An exact repeat is needed of the lines from the one with "Aerial view of Quetzaltenango, Guatemala" through the last line of the data below. Please omit the pictures.

[Opening Exercise data section]

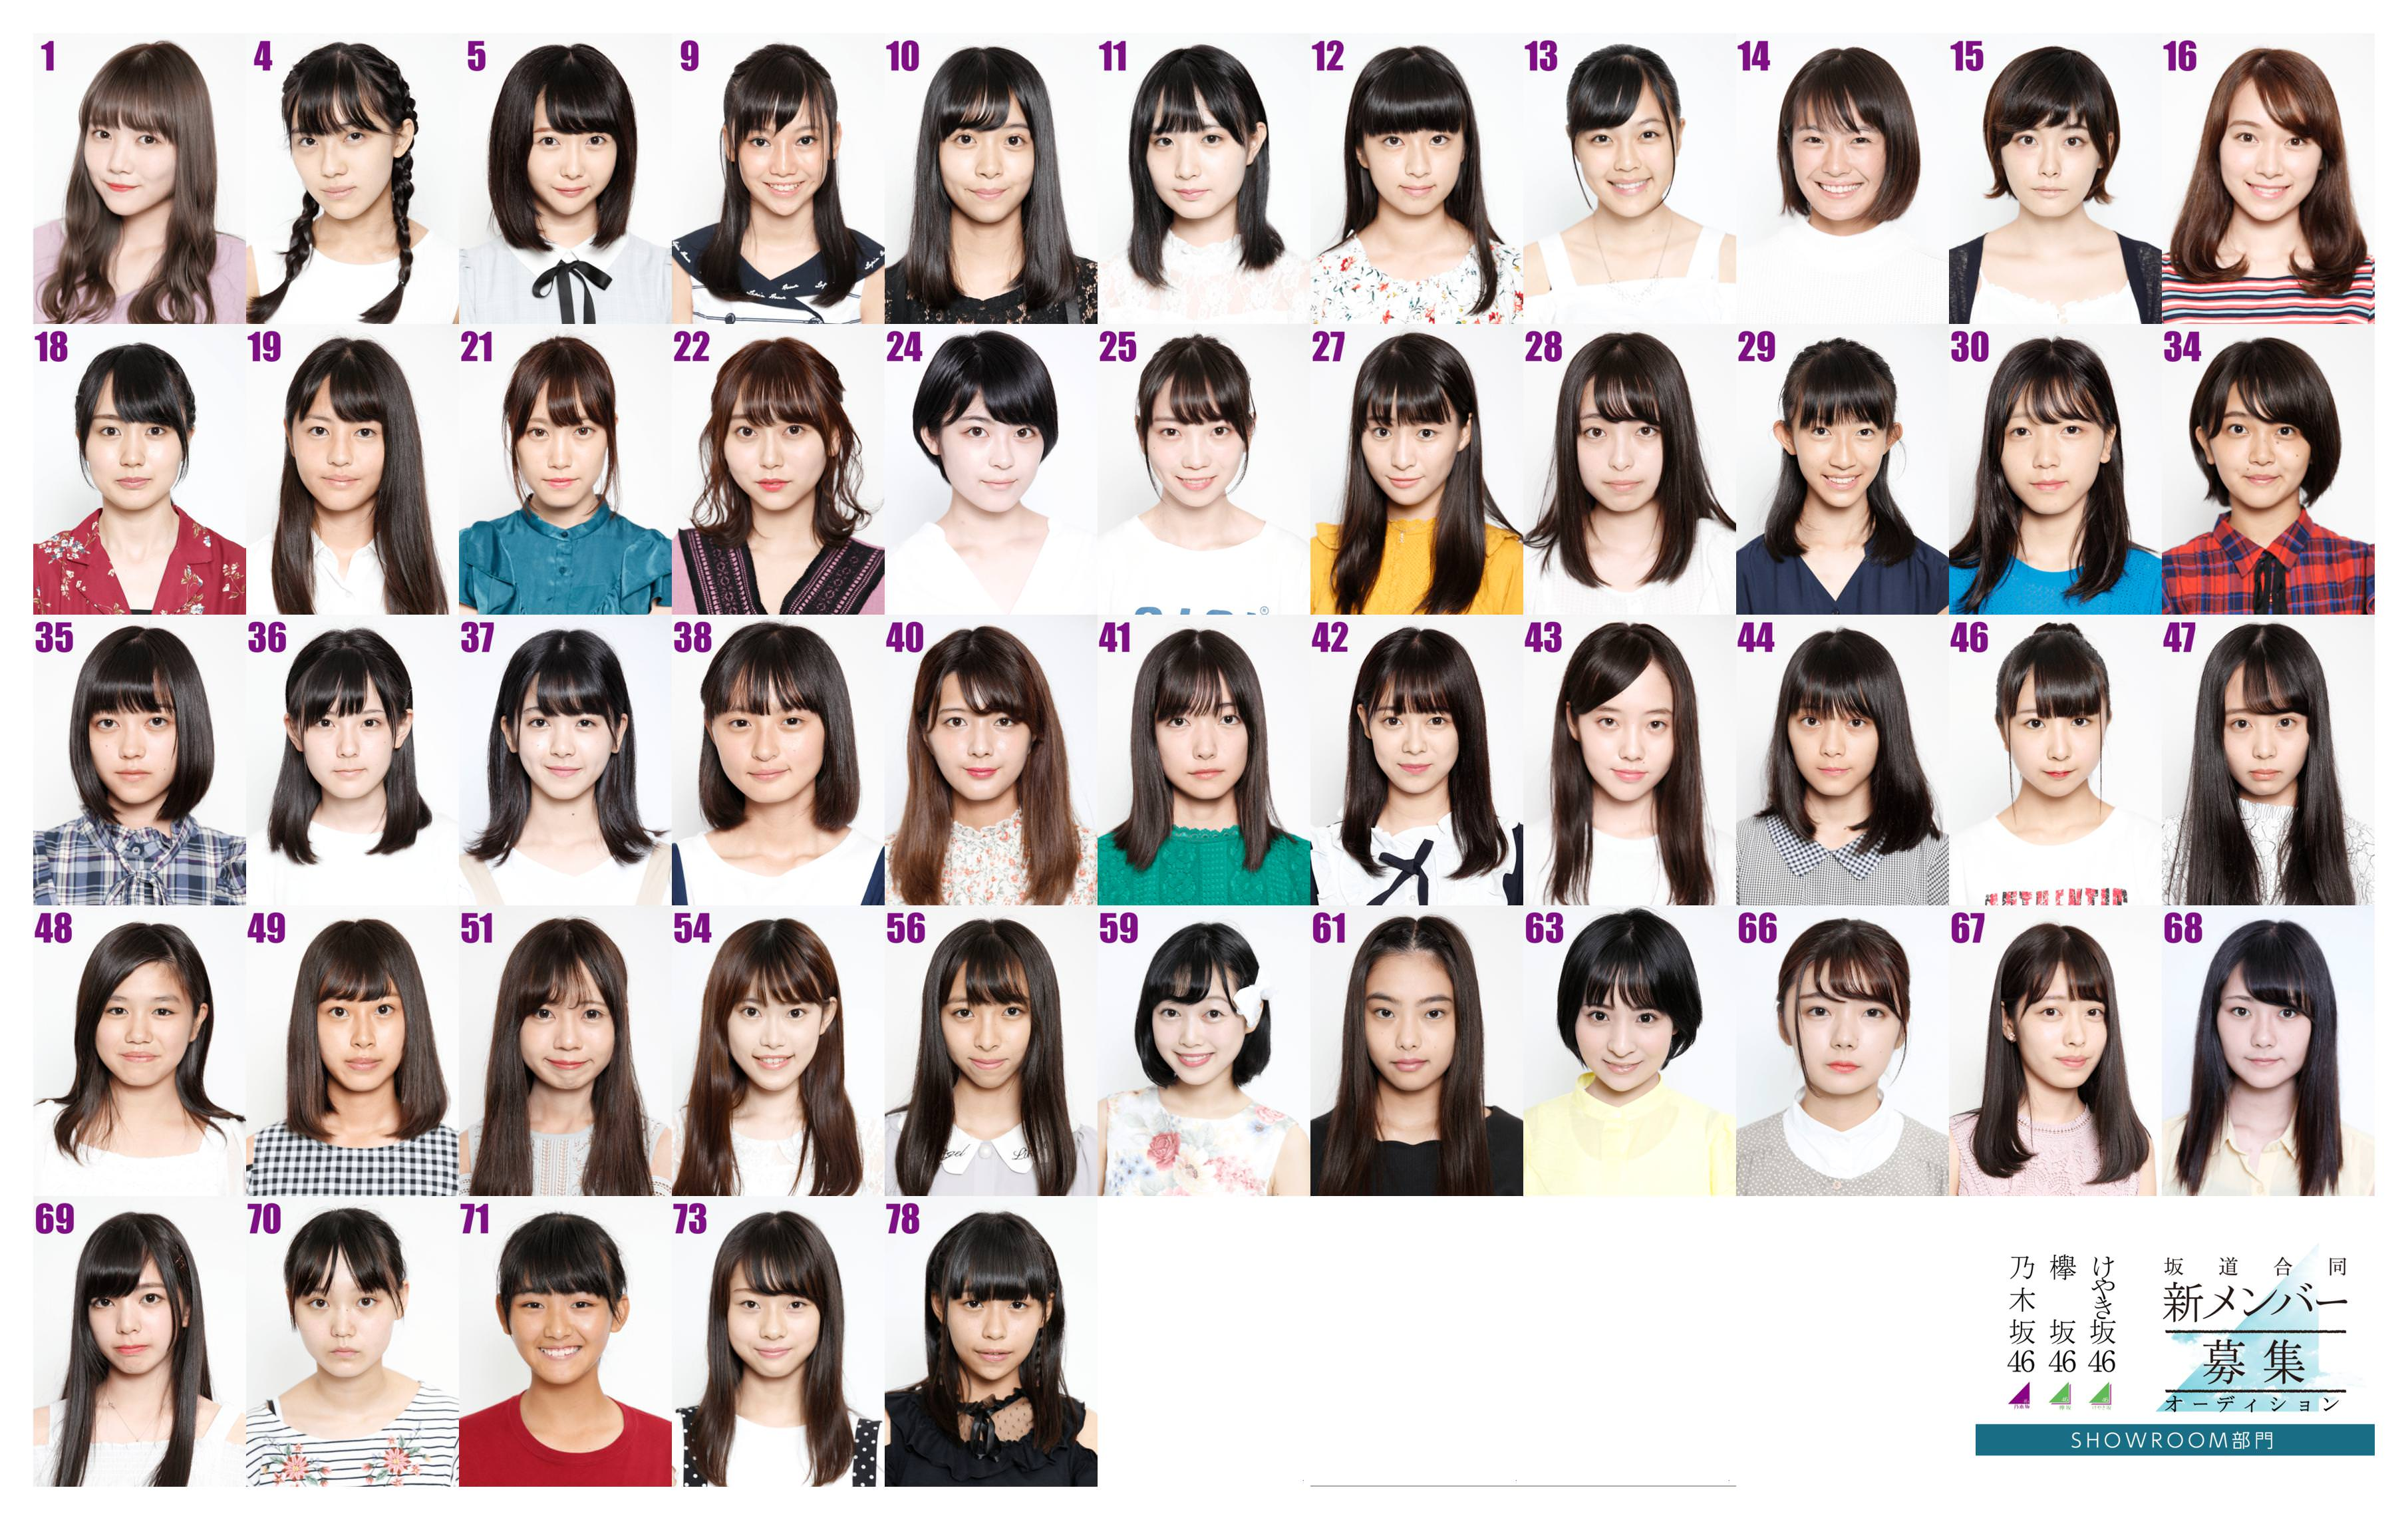 AKB48Gヲタが選ぶ坂道合同オーディションの逸材は誰? 他
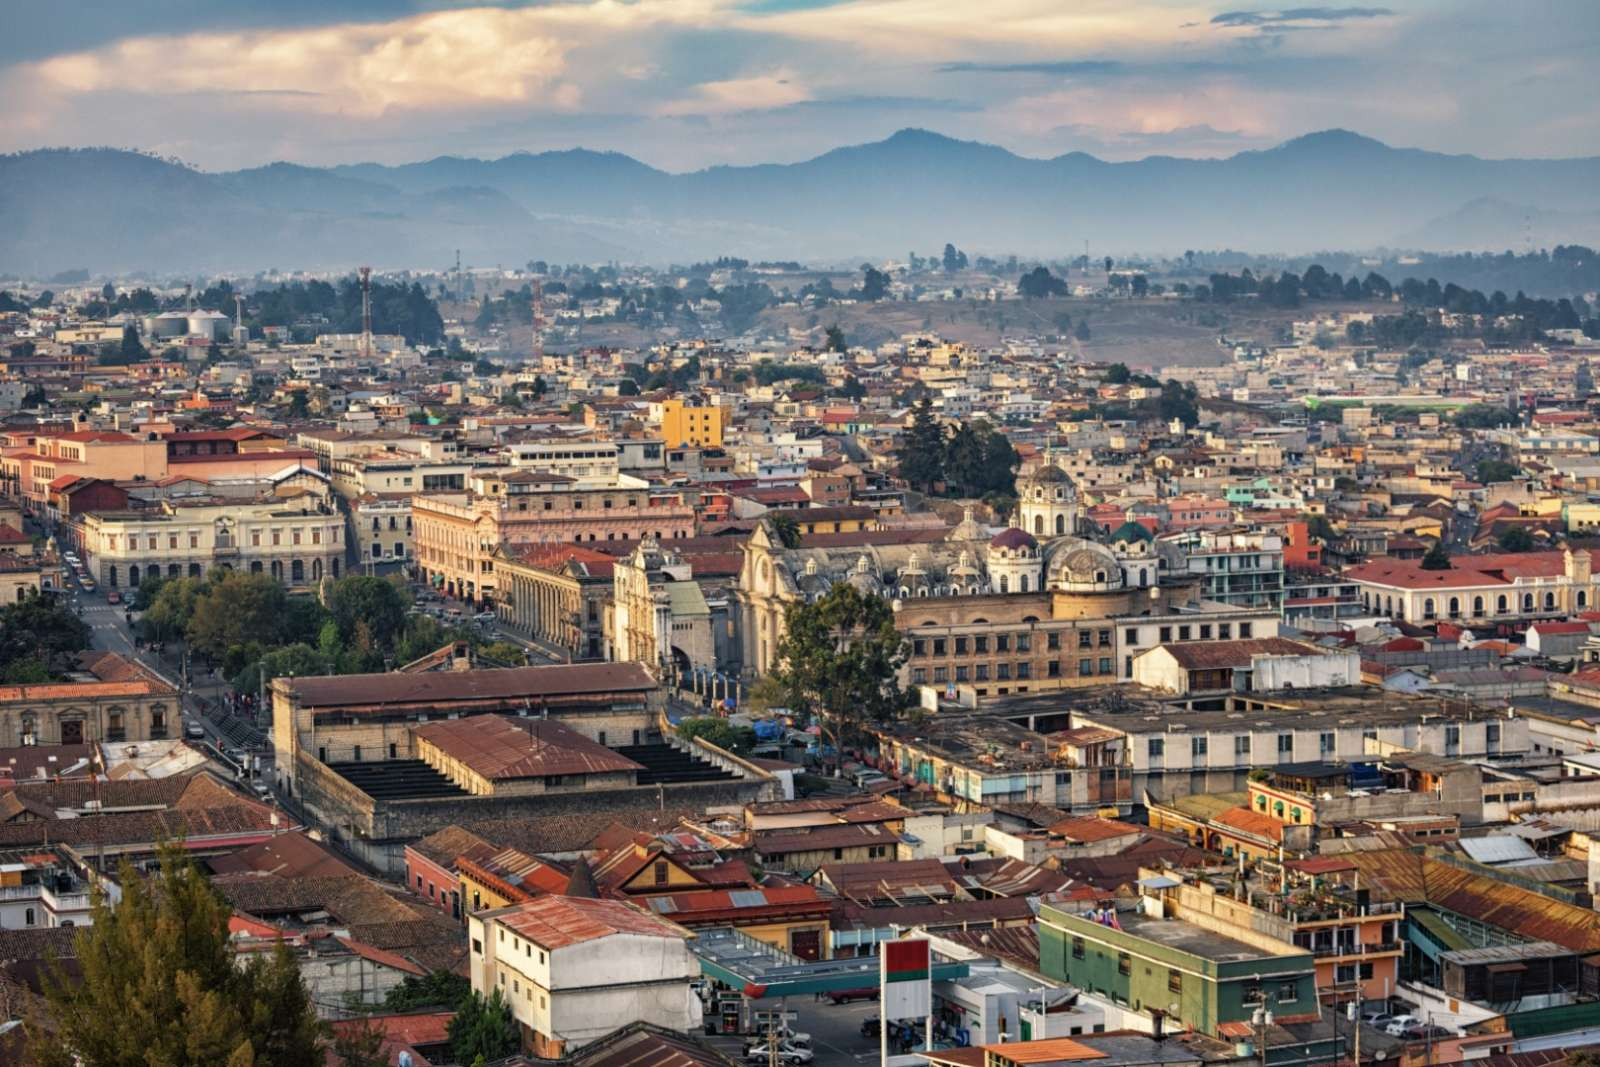 Aerial view of Quetzaltenango, Guatemala
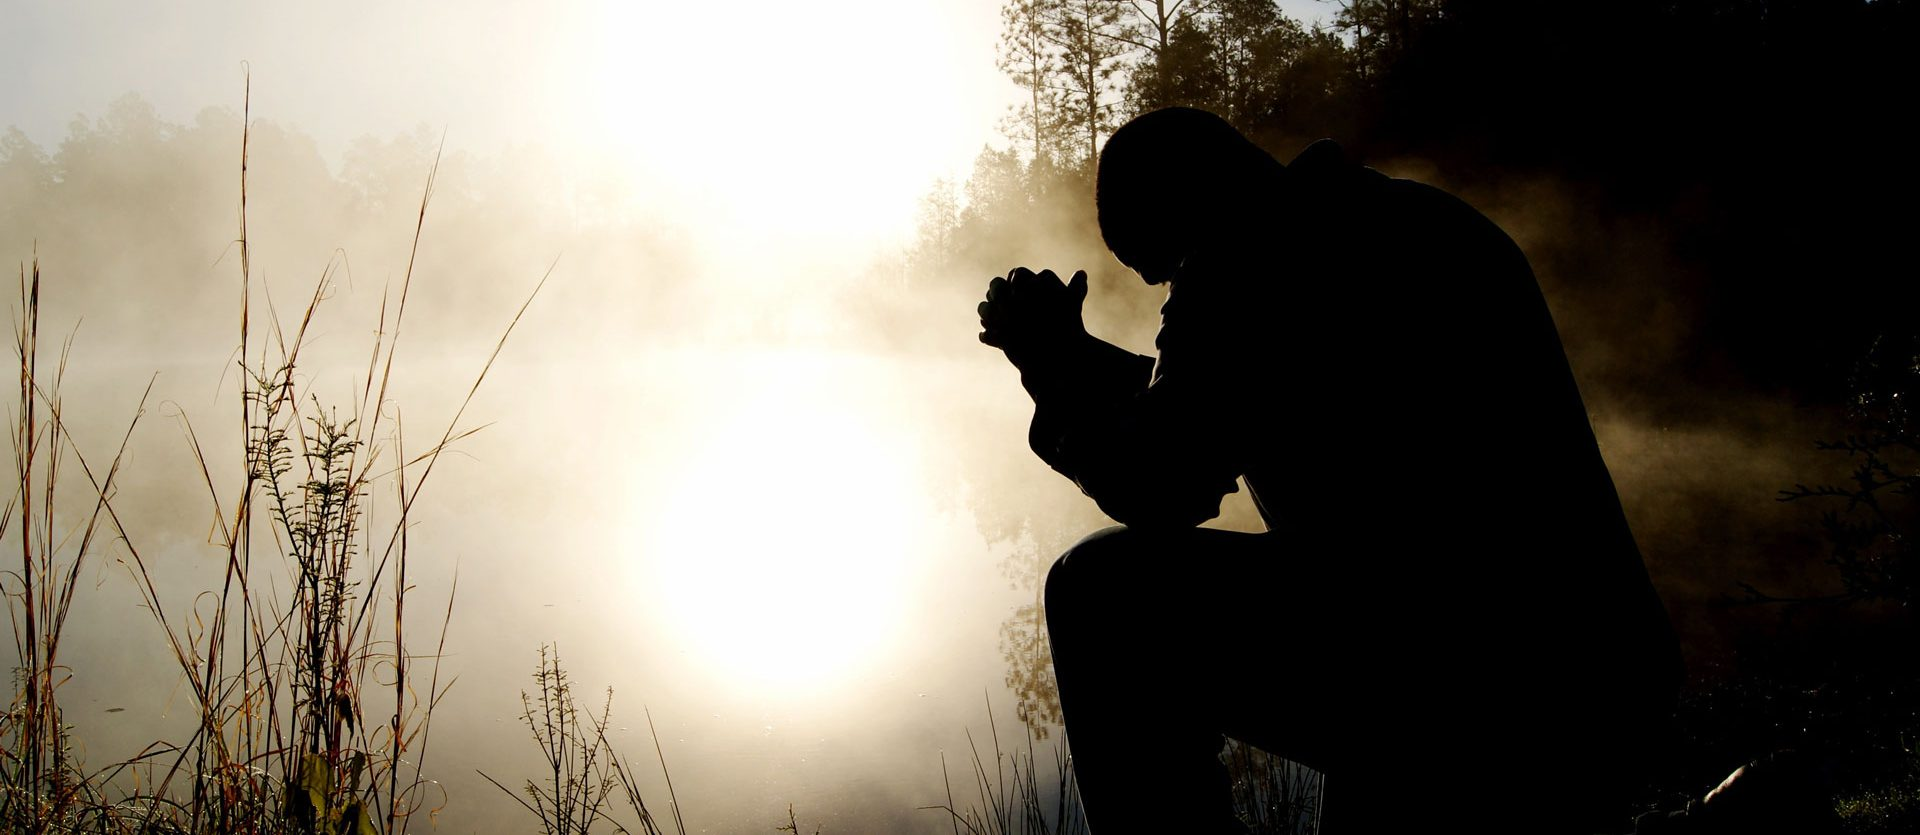 Tu Lucha es Espiritual

[Closing Exercise data section]

* [Answer area]:
 Aerial view of Quetzaltenango, Guatemala
 Tu Lucha es Espiritual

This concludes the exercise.